УДК 347.44:004(470)
Л. К. ФАЗЛИЕВА, доцент кафедры гражданско-правовых дисциплин Казанского юридического института МВД России, кандидат химических наук, доцент (г. Казань)
L. K. FAZLIEVA, Assistant Professor of the Chair of Civil Law Disciplines of Kazan Law Institute of the Ministry of Internal Affairs of Russia, Candidate of Chemistry, Associate Professor (Kazan)
Э. Х. РАХИМОВ, начальник кафедры гражданско-правовых дисциплин Уфимского юридичес-кого института МВД России, кандидат юридических наук, доцент (г. Уфа)

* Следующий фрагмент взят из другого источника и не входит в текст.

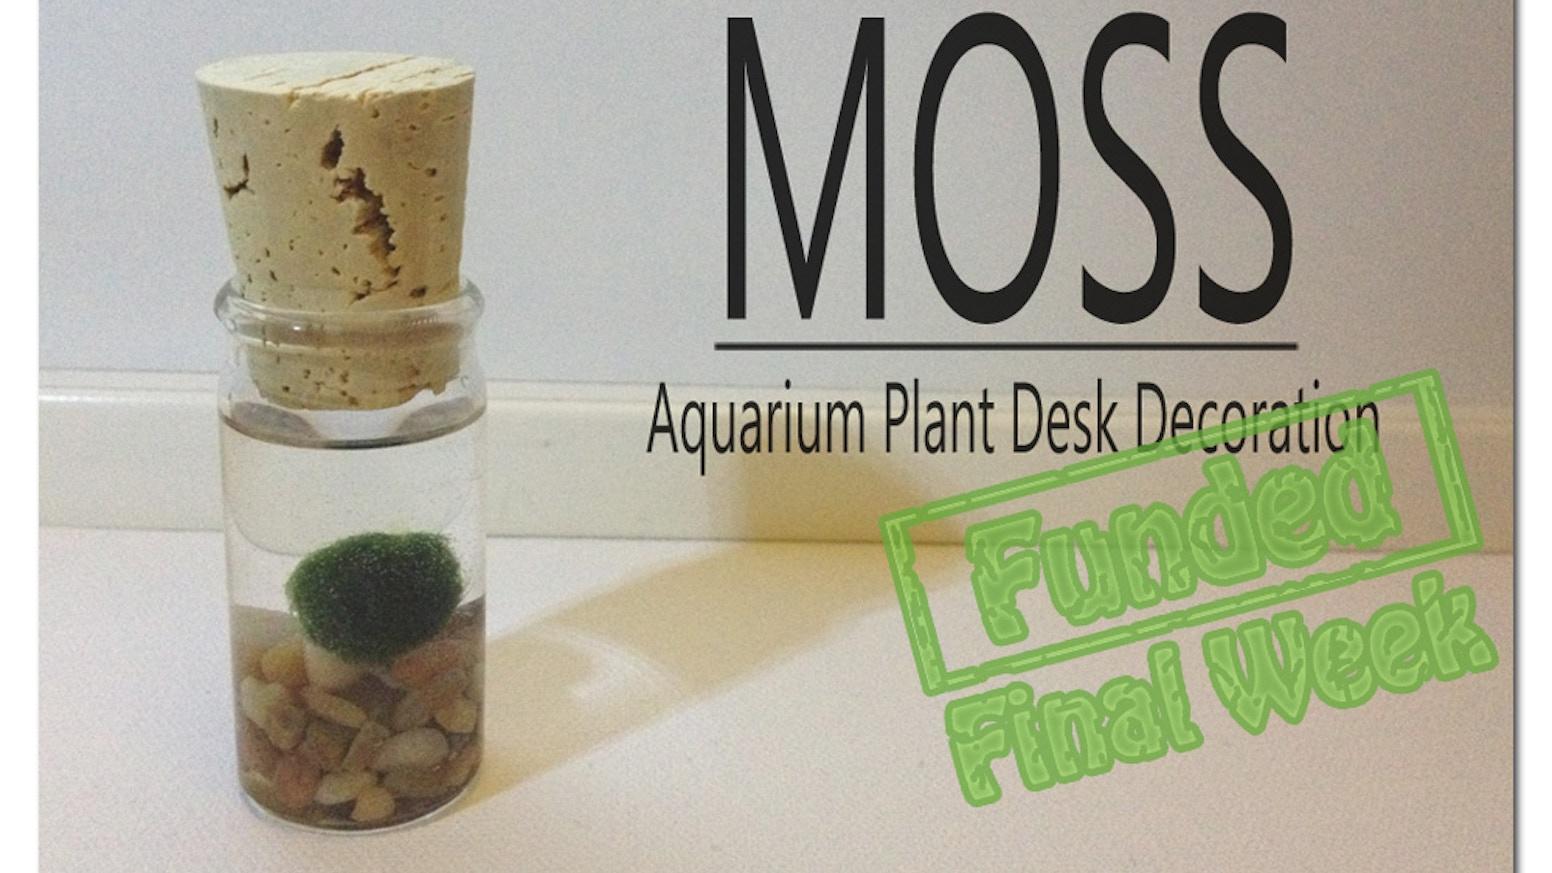 Moss aquarium plant desk decoration by ka ho kickstarter for A link text decoration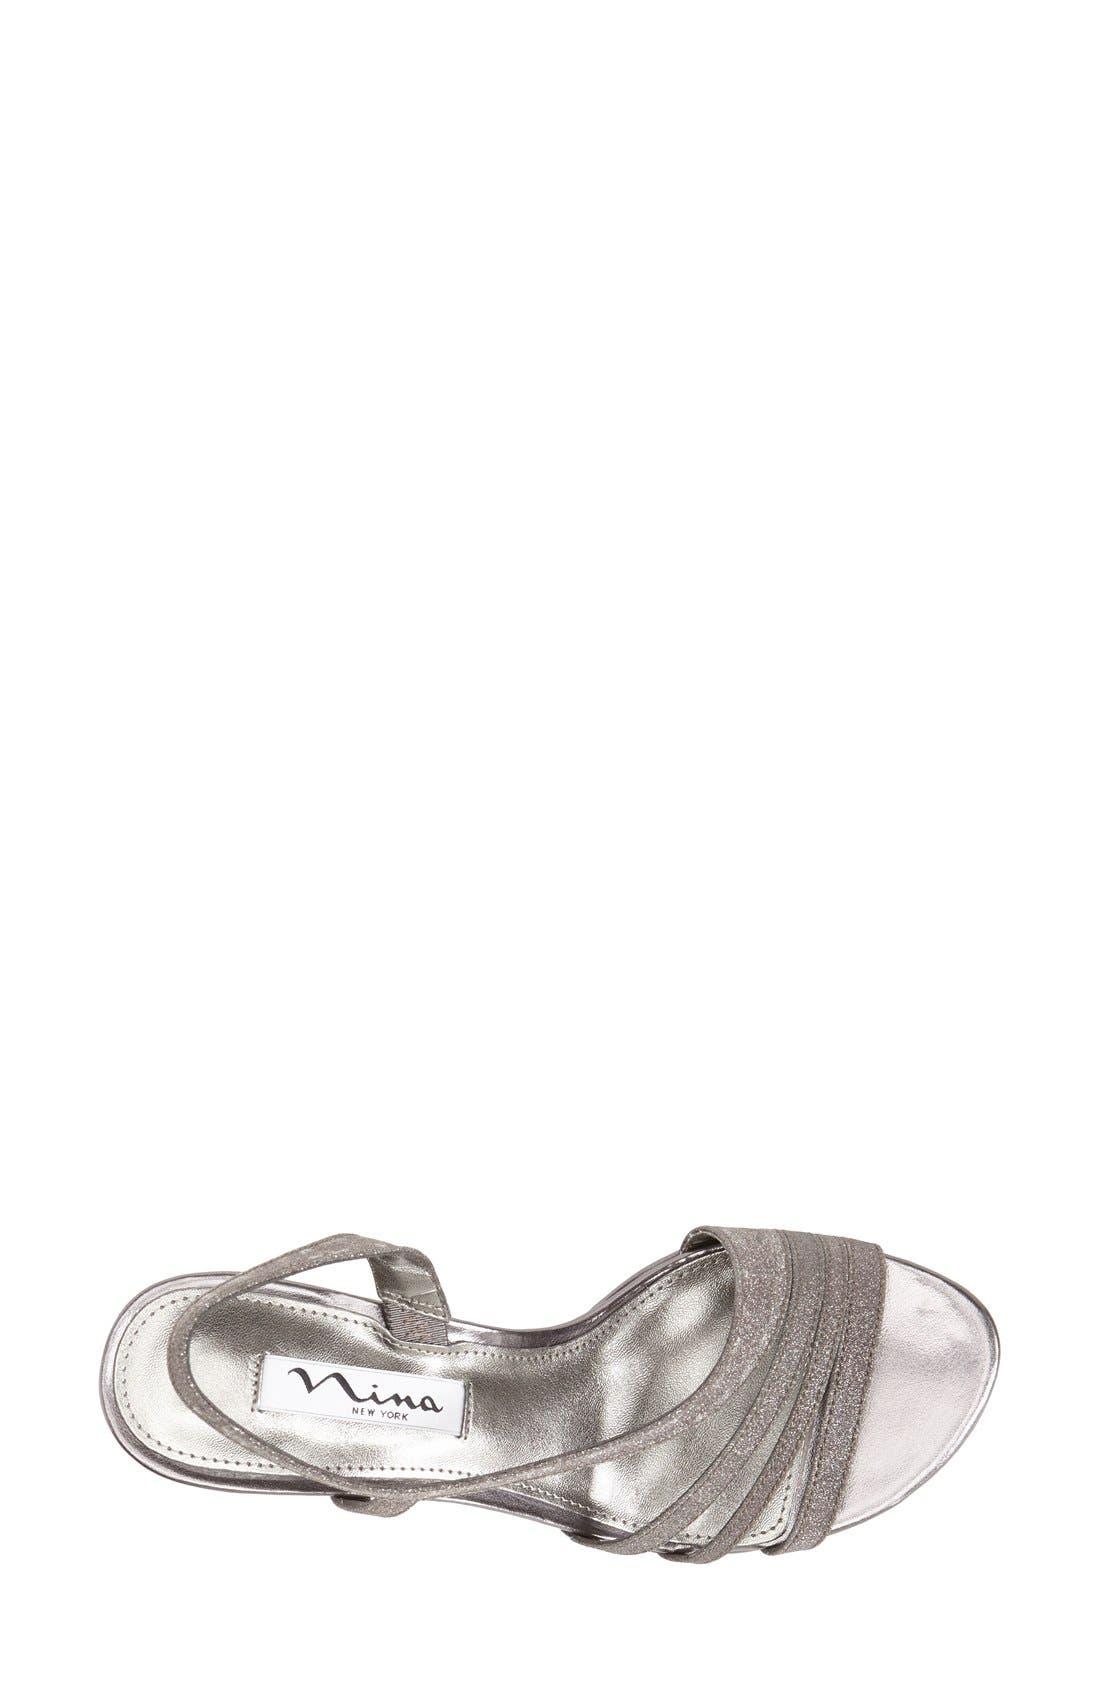 'Neely' Slingback Platform Sandal,                             Alternate thumbnail 4, color,                             CHARCOAL

E. KH. RAKHIMOV, Head of the Chair of Civil Law Disciplines, Ufa Law Institute of the Ministry of Internal Affairs of Russia, Candidate of Law, Associate Professor (Ufa)
СМАРТ-КОНТРАКТ В ГРАЖДАНСКО-ПРАВОВОМ ОБОРОТЕ SMART CONTRACT IN CIVIL-LEGAL TURNOVER
Аннотация. В статье определен авторский подход к применению смарт-контракта в гражданско-правовых отношениях. Рассмотрена различная аргументация исследователей относительно правовой природы смарт-контракта. Выделены квалифицирующие признаки смарт-контракта: цифровая форма гражданско-правового договора или сразу нескольких договоров; использование методов шифрования (криптографии) - публичного и частного ключа; применение при расчетах цифровых финансовых активов и цифровой валюты. Отмечено, что смарт-контракт не относится к непоименованным соглашениям. Авторами выявлена правовая неопределенность в законодательстве и правоприменительной практике по использованию смарт-контракта в гражданско-правовых отношениях, так как заключение и исполнение самоисполняемых контрактов несут в себе определенные специфические риски для потребителей, что не позволяет его в достаточной мере использовать в гражданско-правовом обороте.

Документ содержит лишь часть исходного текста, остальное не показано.